18 years to 60 years (ADULT)

Accepts Healthy Volunteers

No

Genders Eligible for Study

All

Description

Inclusion Criteria:

  • age 18-60 years
  • documented HIV infection
  • previously failed to NNRTI-based regimens
  • no history of failing PI-based regimens
  • receiving ritonavir-boosted PI + OBRs(such as NRITs, etravirine, raltegravir)
  • having HIV-1 RNA <50 copies/ml for at least prior 6 months

Exclusion Criteria:

  • Pregnant or breastfeeding woman
  • HBV co-infection that had to treated with TDF, FTC or 3TC
  • had to received medications known to have potential significant drug interaction with LPV/r
  • life expectancy less than 6 months
  • serious systemic diseases such as liver cirrhosis Child-Pugh B/C, ESRD, malignancy
  • hemoglobin <8 g/dl, platelet <50,000/mm3, AST or ALT >3 ULN, estimated creatinine clearance <50 mL/min

Study Plan

This section provides details of the study plan, including how the study is designed and what the study is measuring.

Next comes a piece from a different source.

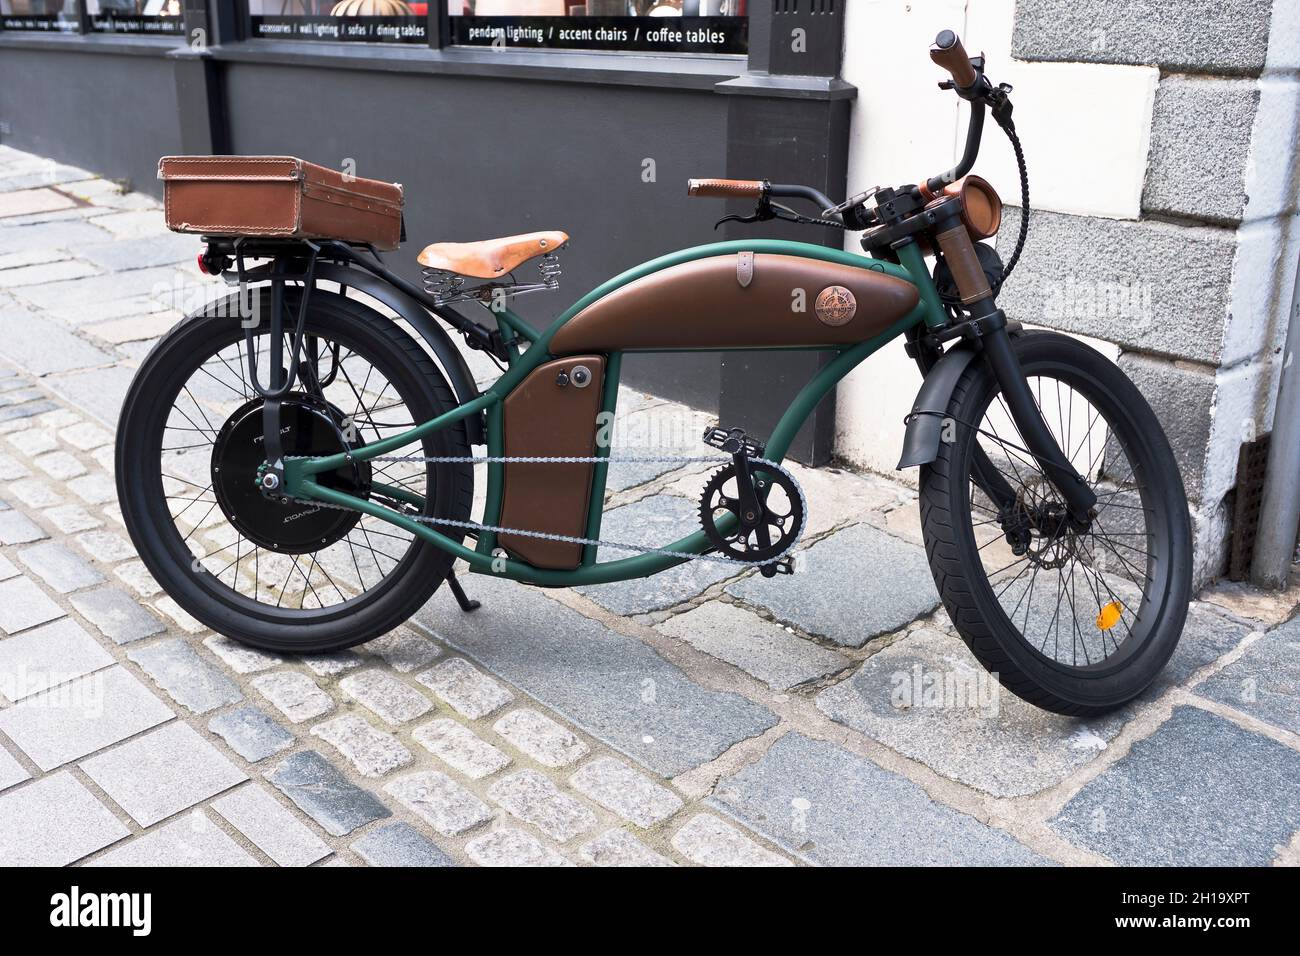 dh Rayvolt Cruzer EBIKE TRANSPORTE Bicicletas bicicleta eléctrica estilo retro bicicletas antiguas Foto de stock

How is the study designed?

Design Details

  • Primary Purpose: TREATMENT
  • Allocation: RANDOMIZED
  • Interventional Model: PARALLEL
  • Masking: NONE

Arms and Interventions

Participant Group / Arm
Intervention / Treatment
EXPERIMENTAL: Boosted lopinavir monotherapy
Lopinavir/ritonavir 200/50 mg every 12 hours
ACTIVE_COMPARATOR: boosted lopinavir + optimized background regimens (OBRs)
Lopinavir/ritonavir 200/50 mg every 12 hours
Optimized background regimens such as NRTIs, etravirine or raltegravir

What is the study measuring?

Primary Outcome Measures

Outcome Measure
Measure Description
Time Frame
Time to virological failure
Time Frame: 48 weeks
virological failure was defined as having two consecutive results of HIV-1 RNA >400 copies/ml in time separated by 4 weeks
48 weeks

Secondary Outcome Measures

Outcome Measure
Measure Description
Time Frame
Proportion of patients with virological suppression
Time Frame: 48 weeks
virological suppression defined as having HIV-1 RNA <40 copies/ml
48 weeks
Proportion of patients with virological failure
Time Frame: 48 week
virological failure was defined as having two consecutive results of HIV-1 RNA >400 copies/ml in time separated by 4 weeks
48 week
Time to loss of virological response (TLOVR)
Time Frame: 48 weeks
TLOVR was defined as time between randomization and the last value that HIV-1 RNA <40 copies/ml in a patient who initially suppressed HIV-1 RNA but subsequently demonstrated virologic rebound (two consecutive HIV-1 RNA >40 copies/ml)
48 weeks
Change of CD4 cells count
Time Frame: 48 weeks
Change of CD4 cells count from start of study to Week 48
48 weeks
Adverse events
Time Frame: 48 weeks
any grade 3 or grade 4 adverse events according to DAIDS AE grading table
48 weeks

Collaborators and Investigators

This is where you will find people and organizations involved with this study.

Study record dates

These dates track the progress of study record and summary results submissions to ClinicalTrials.gov. Study records and reported results are reviewed by the National Library of Medicine (NLM) to make sure they meet specific quality control standards before being posted on the public website.

Study Major Dates

Study Start

December 1, 2010

Primary Completion (ACTUAL)

December 1, 2012

Study Completion (ACTUAL)

January 1, 2013

Study Registration Dates

First Submitted

August 26, 2010

First Submitted That Met QC Criteria

August 26, 2010

First Posted (ESTIMATE)

August 27, 2010

Study Record Updates

Last Update Posted (ESTIMATE)

May 13, 2013

Last Update Submitted That Met QC Criteria

May 10, 2013

Last Verified

May 1, 2013

More Information

This information was retrieved directly from the website clinicaltrials.gov without any changes. If you have any requests to change, remove or update your study details, please contact register@clinicaltrials.gov. As soon as a change is implemented on clinicaltrials.gov, this will be updated automatically on our website as well.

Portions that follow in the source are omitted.